Which leads directly to the other really long piece on this double album. “Aumgn”. Supposedly, it was inspired by sinister weirdo Aleister Crowley’s interpretation of the Hindu mantra syllable “om”. Just a minute shorter than “Halleluwah”, it sounds like someone placed a microphone at an occult gathering held in a spacious cave with added avant-garde electronics, tribal drummers and a dog. Maybe a little too weird for some – but hypnotic, daring and well worth diving into for those who carry an open mind.

“Aumgn” is the center piece of the second half of “Tago Mago”, the decidedly more experimental half. “Peking O” is almost short at 11:37, but just as spaced out and challenging. Weird lyrics, vocal insanity and screaming, plenty of echo space, a drum machine (in 1971, can you imagine?) – it feels like something produced for a very strange stage performance. No, they don’t do that on stage anymore, and not in a studio either. “I carry a heart” is what Suzuki seems to say somewhere during “Peking O”. They all carry one and they put all of it into every track on this album.

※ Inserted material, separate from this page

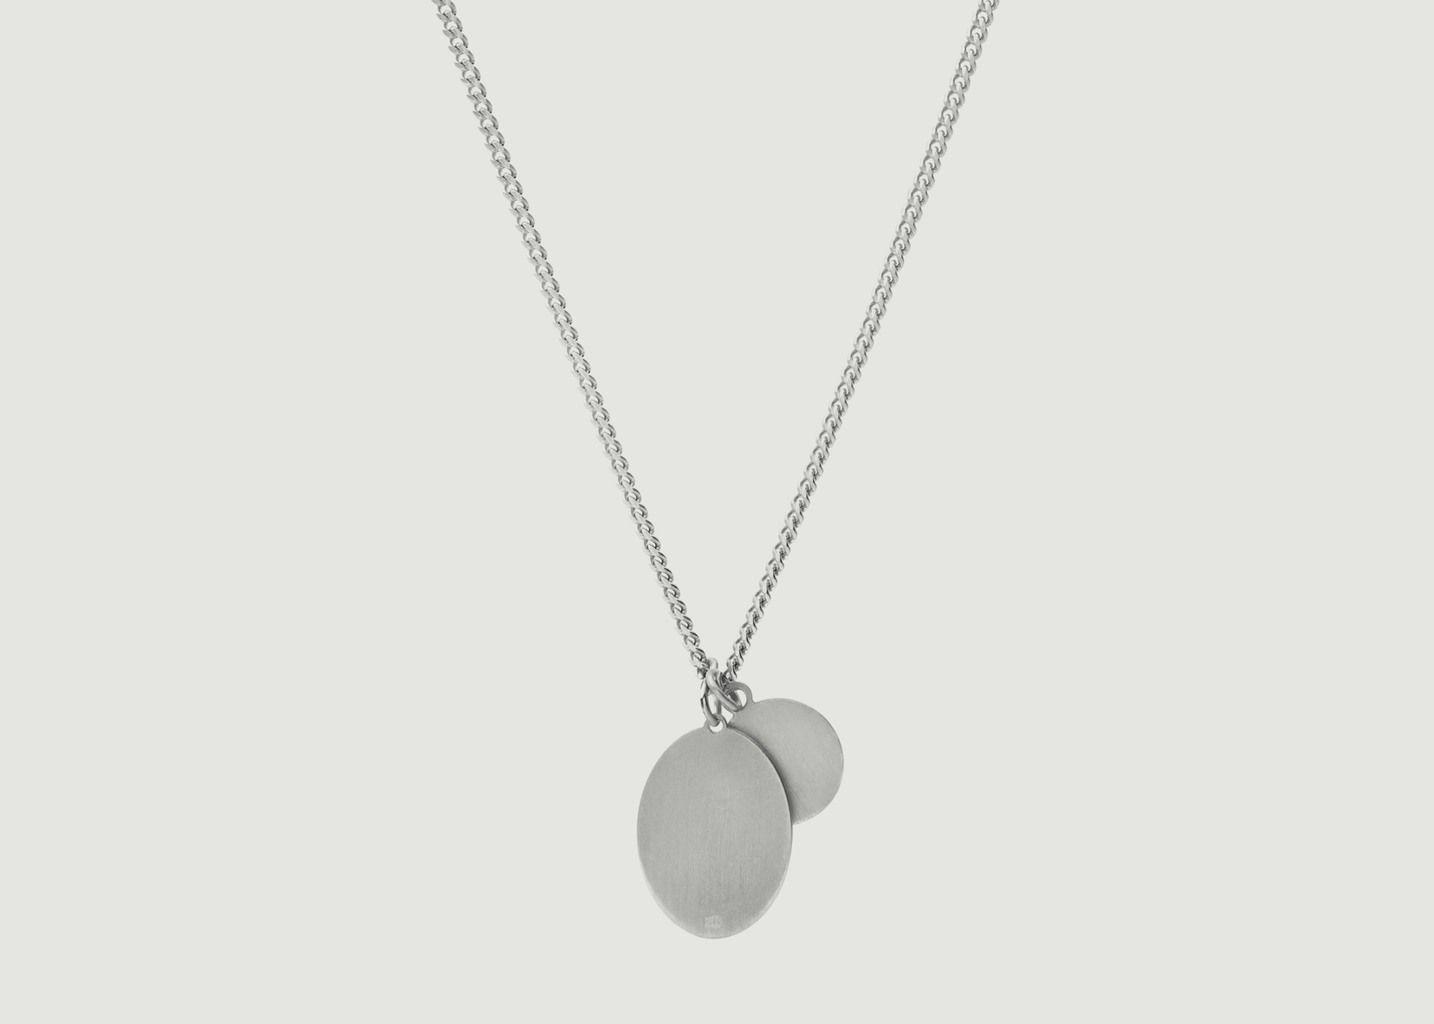 Collier Mini Dove - Miansai

If you listen to these two tracks in succession, as you’re supposed to, you will have spent almost half an hour exposed to truly challenging musical excursions. You will undoubtedly be ready for the closing track and a beverage. “Bring Me Coffee Or Tea” you will be inclined to say. It’s a soother after what you’ve been through, a reprise of the first half’s genius of building and creating songs from improvisation. It’s like “The End” after a particularly challenging Doors concert.

No surprise: I am more attached to the first part of the album. To “Paperhouse” with its touch of Blues set against a strikingly simple and mechanical, relentless drum beat that Jaki Liebezeit would probably still be playing if he didn’t have to do other stuff as well, like eating and sleeping. The way this song builds and pushes and evolves is simply fascinating. You jump on the track like jumping on a train, you roll along with it with no idea where it takes you, and when it finally stops and you climb off it, you feel a peculiarly satisfying kind of exhaustion.

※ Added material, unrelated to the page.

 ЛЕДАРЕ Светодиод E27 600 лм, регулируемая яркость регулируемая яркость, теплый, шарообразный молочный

“Oh Yeah” is not just the title of a song on “Tago Mago”, it’s the least you can say about the album and the song. Liebezeit with another drum pattern that only moves forward while Suzuki contributes vocals that run backwards, Karoli with the best guitar licks he ever played, Czukay doing only what is necessary, and the whole thing coming together as something that some dude on YouTube fittingly commented with “Radiohead based their entire career on the first minute of this song.”

He’s got a point there. Listen to the work of people who point to Can when they are asked who influenced them. Always great music.